Dossier acquisition de scanners pour la vérification des importations : La preuve que les cadres n’aident vraiment pas Yayi

Publié le par L'informateur

Le jeudi 16 décembre 2010 la commission interministérielle chargée de dépouiller les dossiers d’appel d’offre relatif à l’acquisition des scanners devant servir à vérifier les produits importés a travaillé comme on en a jamais vu. Une vitesse de croisière qui ne laisse aucun doute sur les intentions cachées des membres et le coup qui est préparé une fois de plus sur le dos du régime du changement.

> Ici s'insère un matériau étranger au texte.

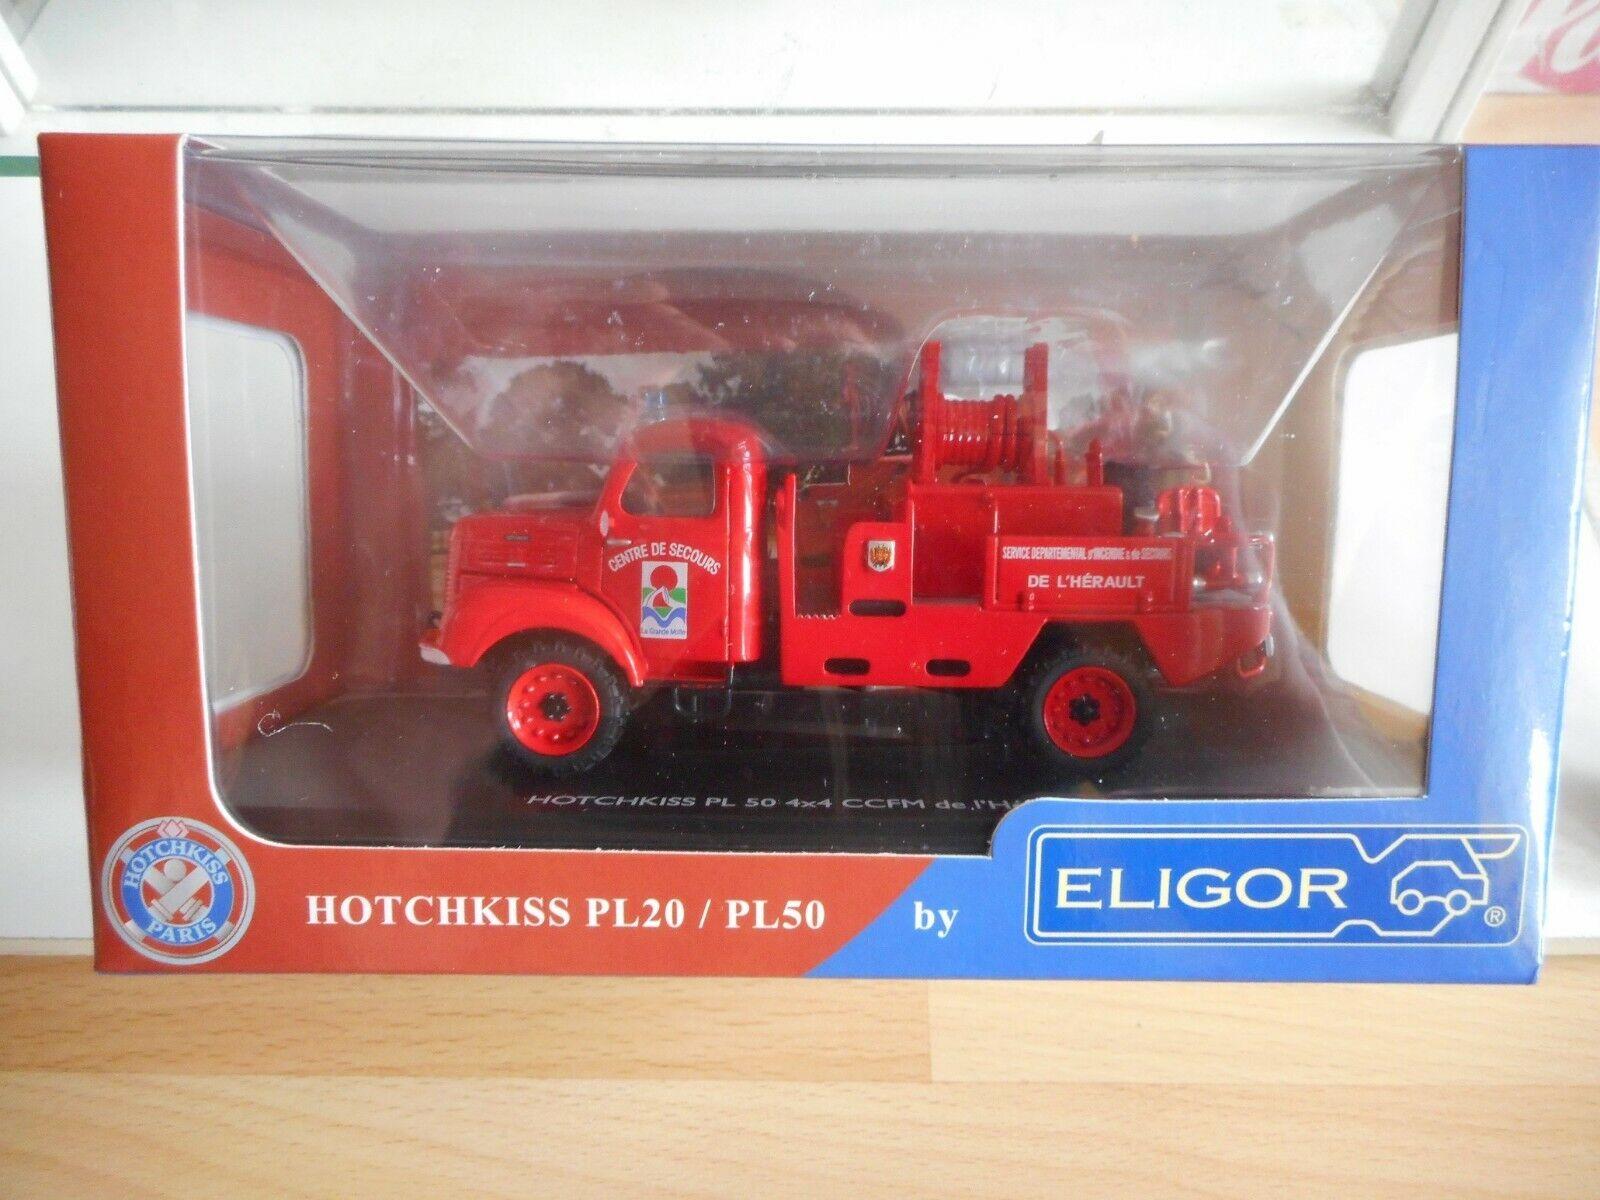 Eligor Hotchkiss PL 50 4x4 CCFM de l'Herault in rosso on 1 43  in Box

Si le bilan économique de Yayi est catastrophique, la responsabilité des cadres de notre pays en est pour beaucoup. En tout cas, tout porte à le croire. Jeudi dernier, ces cadres se sont encore faits remarqués dans le dossier relatif à l’acquisition de scanners pour contrôler les produits importés dans notre pays. Les membres de la commission interministérielle chargée de ce dossier ont procédé au dépouillement dans des conditions qui ne garantissent aucune transparence au point où aujourd’hui certains soumissionnaires nationaux comme étrangers s’étonnent de ce que cela puisse se passer ainsi au Bénin. Un plan bien monté qui vise simplement à donner le marché à l’un des soumissionnaires au détriment des autres. Effectivement ce plan a été bien exécuté puisque, pour une opération de dépouillement qui se déroule normalement en plusieurs phases, ladite commission a tout fait le même jour avec entrain. Elle n’a pas jugé utile dans ces conditions de faire en sorte que tous les soumissionnaires soient effectivement là même si cela n’est pas obligatoire. Une fois qu’on veut précipiter les choses,  cela sous entend forcément d’autres dispositions ; ce qui n’a pas été le cas. Selon nos investigations, la commission s’est réunie et tout s’est déroulé comme une lettre à la poste. Les Membres ont vite apporté leur violon pour éviter qu’on revienne dessus le lendemain. Pour ce faire bonne conscience, ils ont appelé très tard dans la nuit du jeudi certains soumissionnaires de venir assister à l’ouverture des offres financières, ce qui est chose rare. Qu’est-ce qui, dans ce dossier justifie qu’on aille à une heure aussi avancée ? Si cela ne cache véritablement pas quelque chose ? En tout cas, dans ce dossier, il est question que le chef de l’Etat cherche à comprendre ce qui s’est vraiment passé. Cela est d’autant plus important que nous sommes en fin de mandat.